As for the crashes, those are going to be easier to hunt down. Limiting the ARC to 65M is amazingly small, but it should be good for finding any memory handling problems. In you case I have a guess where things when wrong but you'll need to rebuild the spl+zfs code with the --enable-debug configure option. Enabling this option will resulting in lots of assertions being compiled in to the code. In particular, I'm hoping the following one gets hit because it will show the issue is that we failed the allocate the inode problem. That would explain the above inode accounting issues. Although if we hit a different assert that will be information too.
ASSERT(*zpp != NULL);
There were two different environments.
The first environment was bonnie++ using zfs (not zvol) on dom0. This configuration first caused OOM (which killed xend), and later kernel panic (when I limit zfs_arc_max). domU is not involved at all in this test. This is what I reported on the first post.
The second one was bonnie++ on a domU, using zvol-backed device from dom0. domU uses zfs on top of this block device. In domU's zpool I created a zvol (which I then formatted as ext4) and a zfs filesystem. On this environment I ran bonnie++ on both zfs and zvol+ext4. There were OOMs and panics on this environment, but all happen in domU. dom0 (which still has zfs_arc_max) was fine during this test.
I'll try using debug version sometime later.

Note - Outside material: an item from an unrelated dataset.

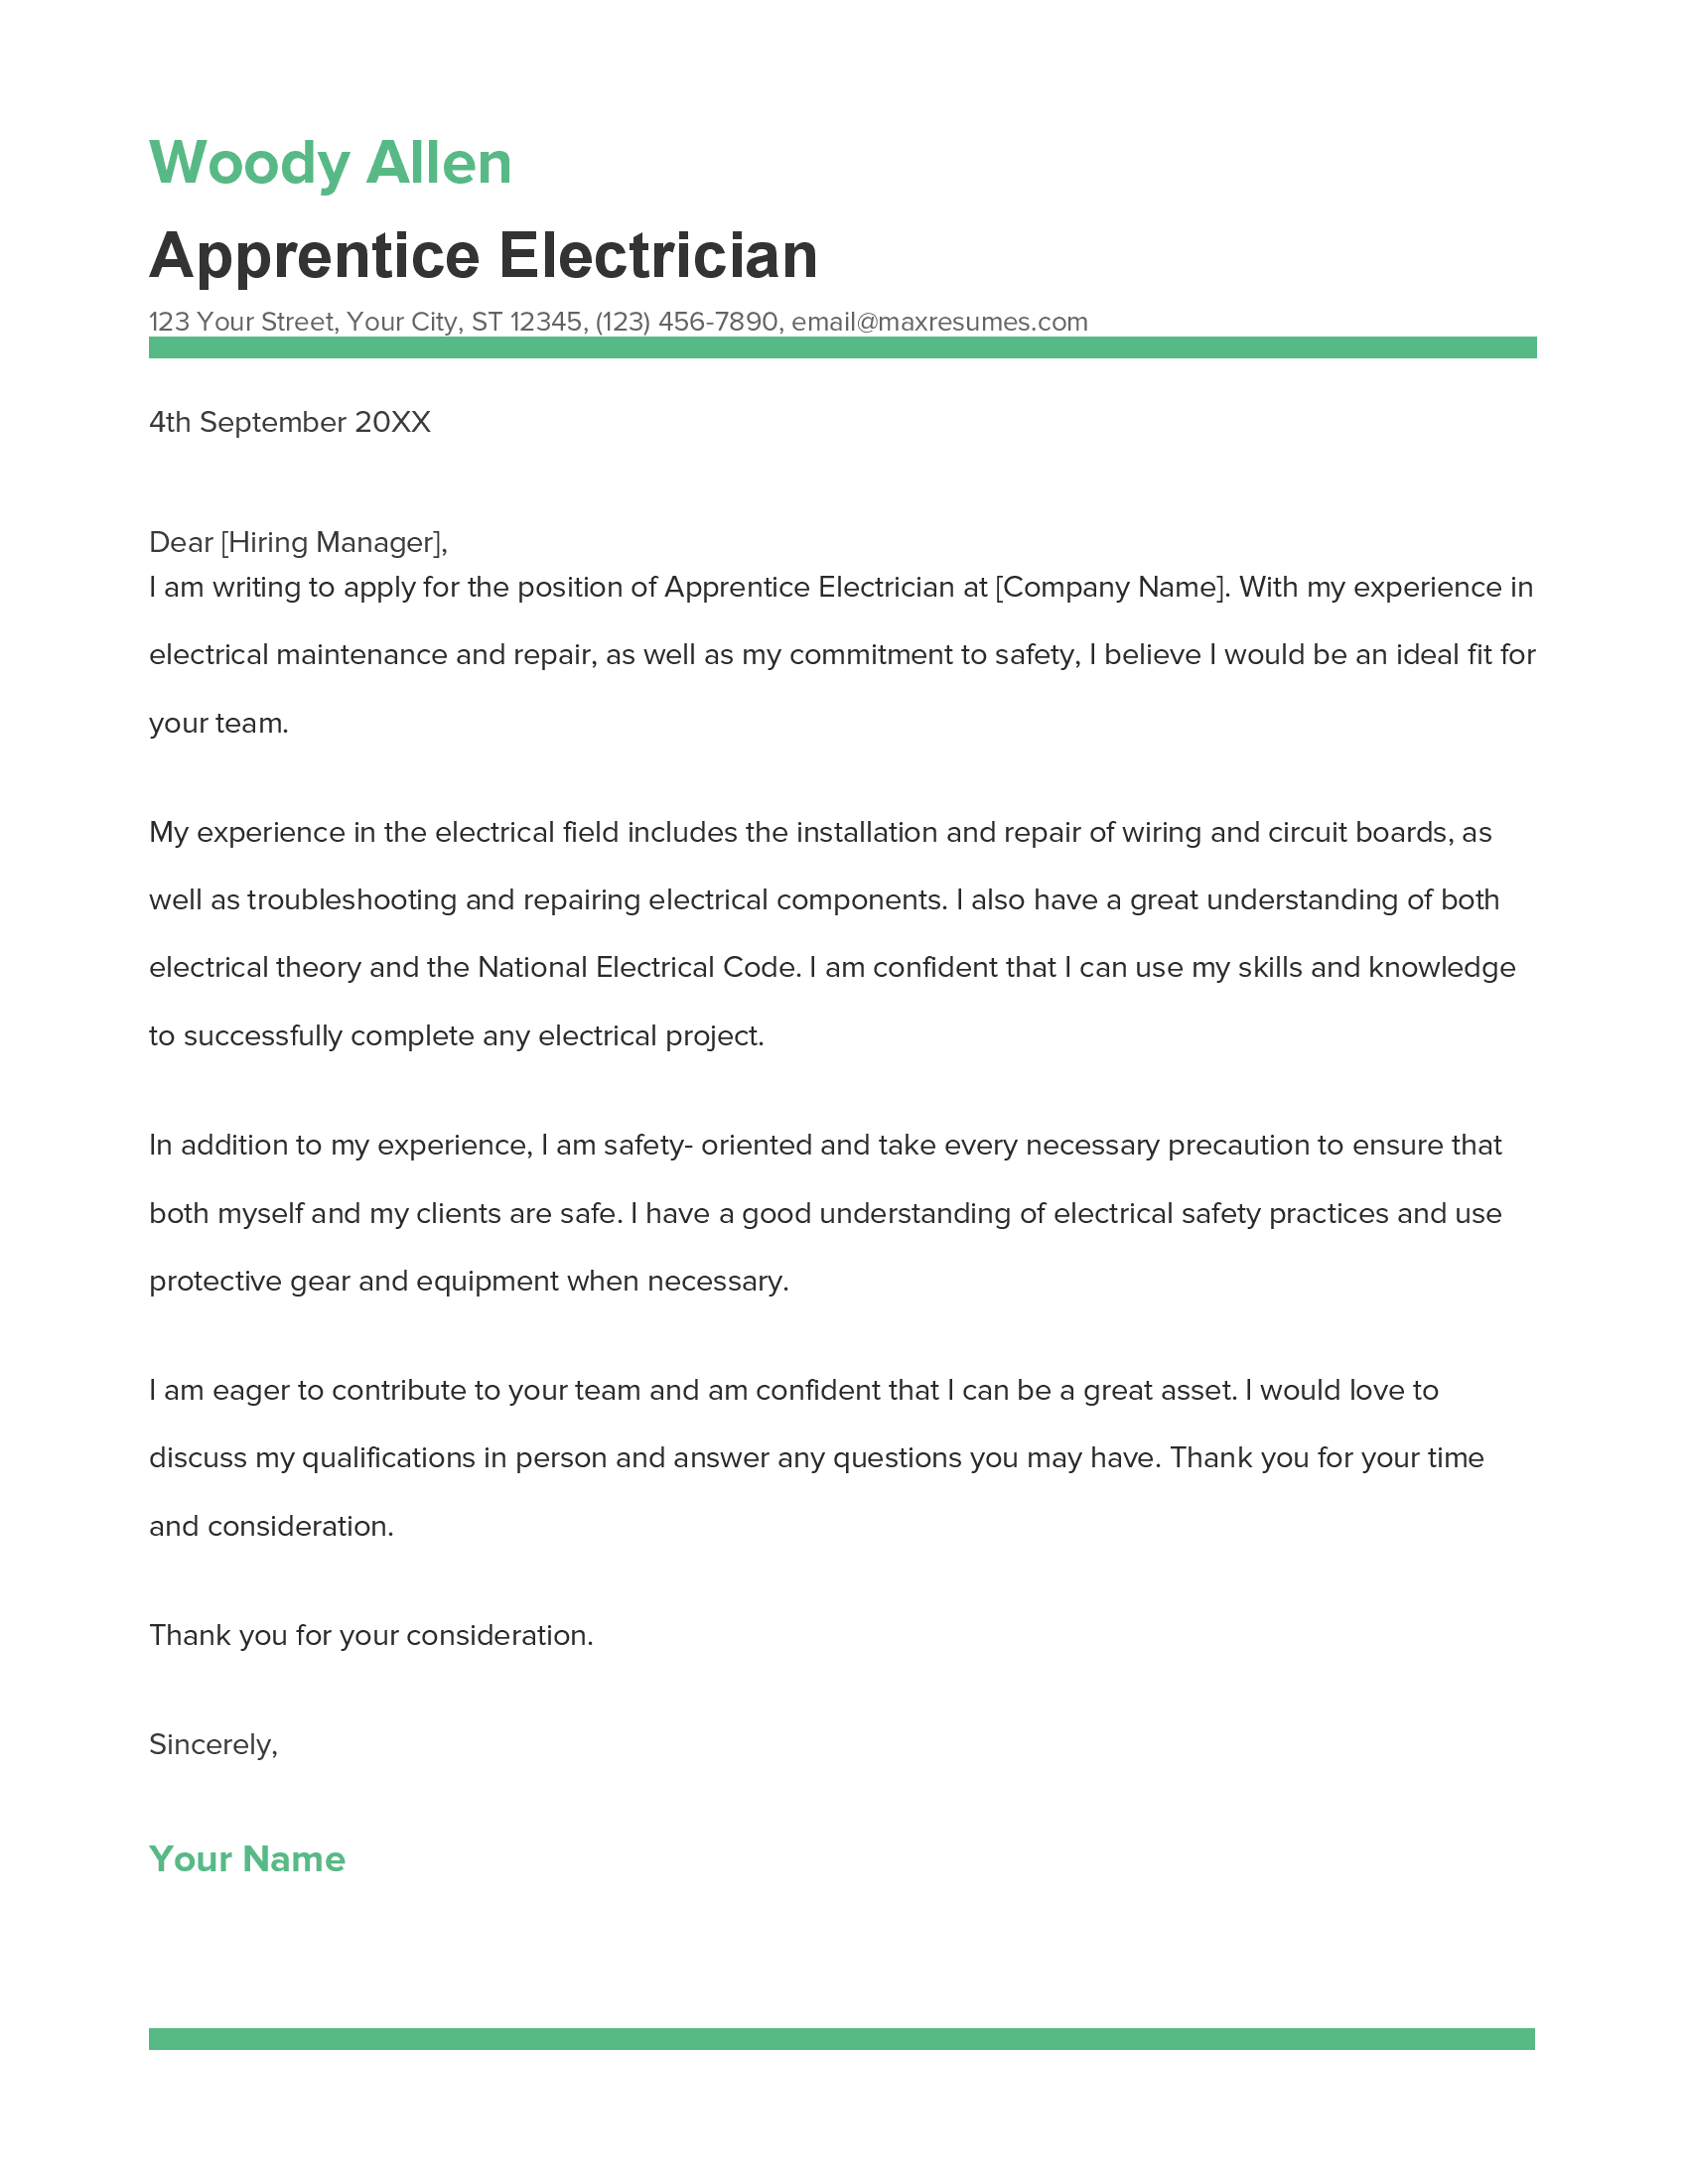 application letter for apprentice

You know, bugs aside, it's really cool that all of that basically works. :)
Yes it is :D
I've been working to get zfs and Xen to play nicely. In the past the efforts include:
So if reserving an extra 1G and using small arc size is enough to get it working, it's more than enough for dev purposes.

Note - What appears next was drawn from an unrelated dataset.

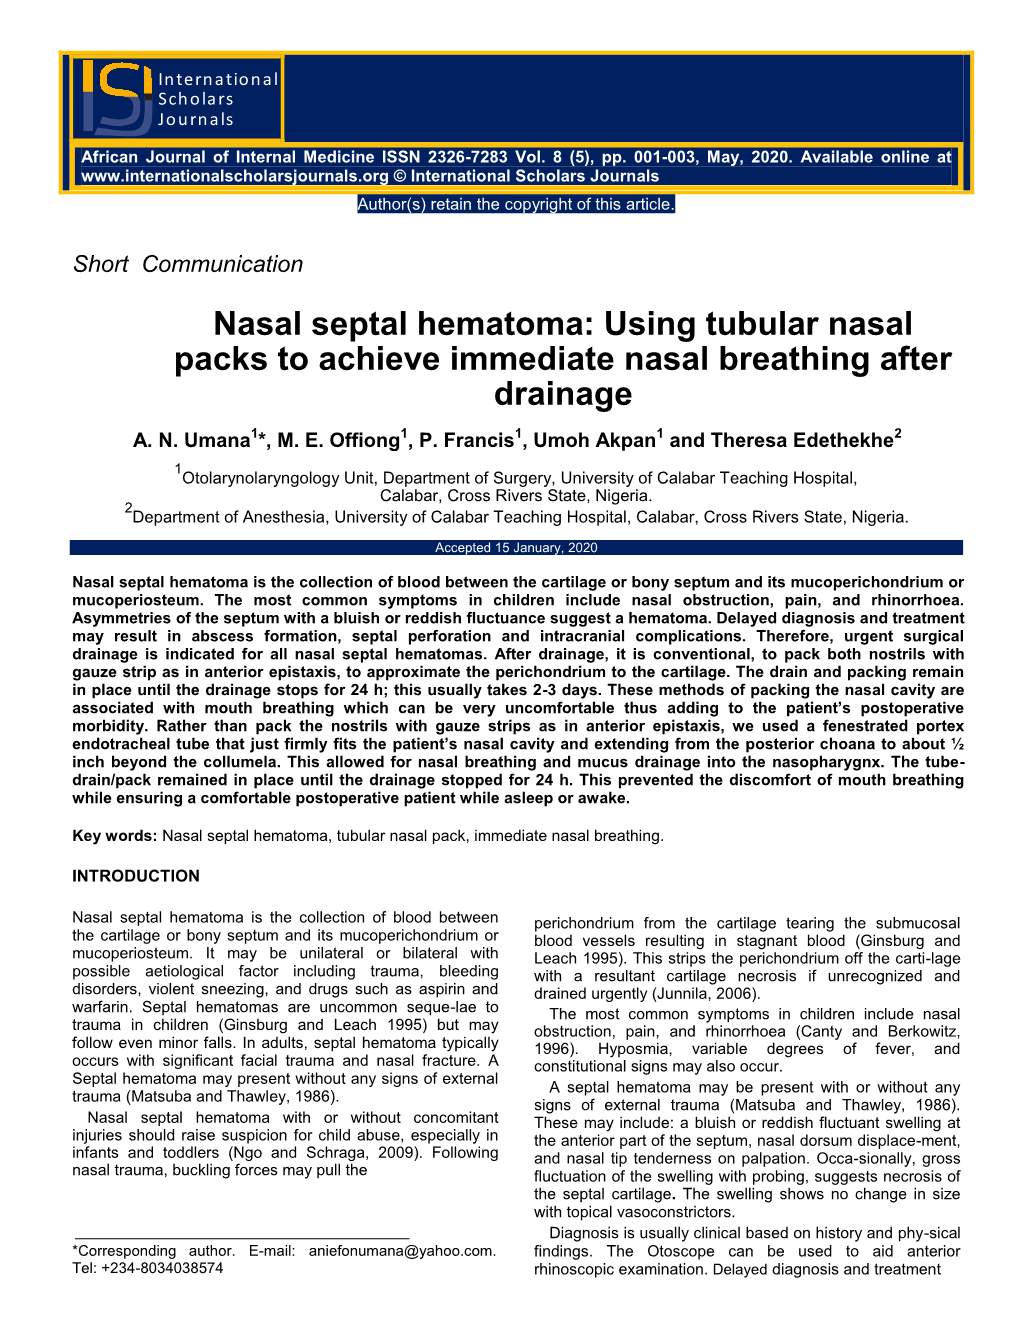 Nasal Septal Hematoma: Using Tubular Nasal Packs to Achieve Immediate Nasal Breathing After Drainage

Hopefully, given a few weeks we'll get this issues sorted out. This does help explain too why your so interested in the zvols working well. :)
With the changes to the direct reclaim path in the latest master code, GFP_NOFS branch merge, I think we have a handle on the crashes and oom issues described here. Fajar if you agree please go ahead and close this bug. Performance/memory issues still aren't resolved by can be worked in a different bug.

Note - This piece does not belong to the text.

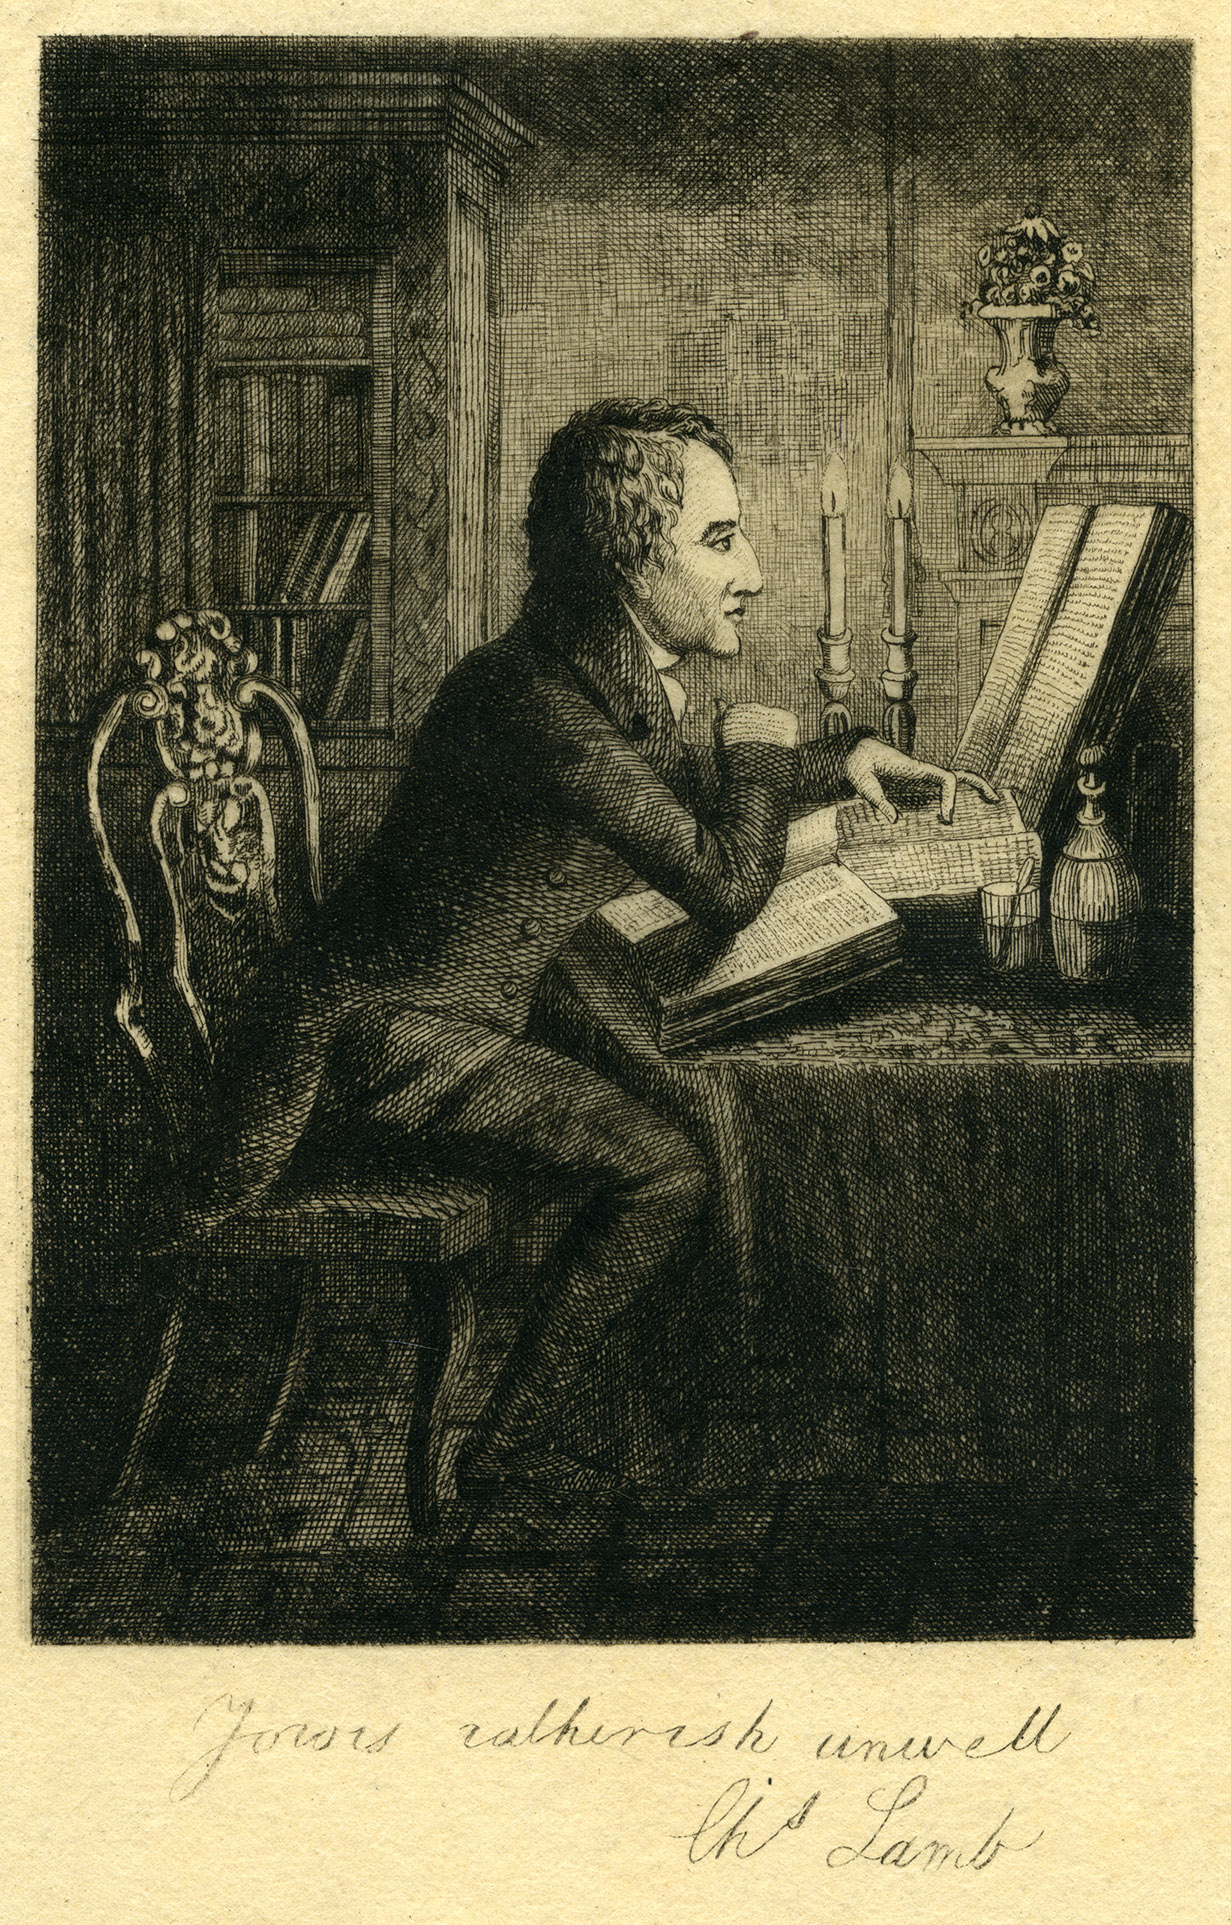 
An image of: Charles Lamb, print after

Closing this bug. Further memory/OOM issues is better tracked on issue #154 since using zfs as root is more general and receive more testing compared to bonnie++
I was testing bonnie++ with "-s 3g" on a Xen dom0 with 1.5G memory. On first run I got OOM error
My initial guess was that somehow zfs was eating up all the memory for arc and doesn't free it when other applications need it. So I tried setting zfs_arc_max and zfs_arc_min module parameter to 68157440 (65M). Repeated the test, and got this error
... and the dom0 keeps on rebooting and crashing on the same error (zfs_inode_destroy).
I had to boot using openindiana and delete the dataset used by bonnie to be able to access the pool on Linux again.
So the questions are:
This is with 0.6.0-rc1 plus some zpool/zvol-related fixes which I posted earlier.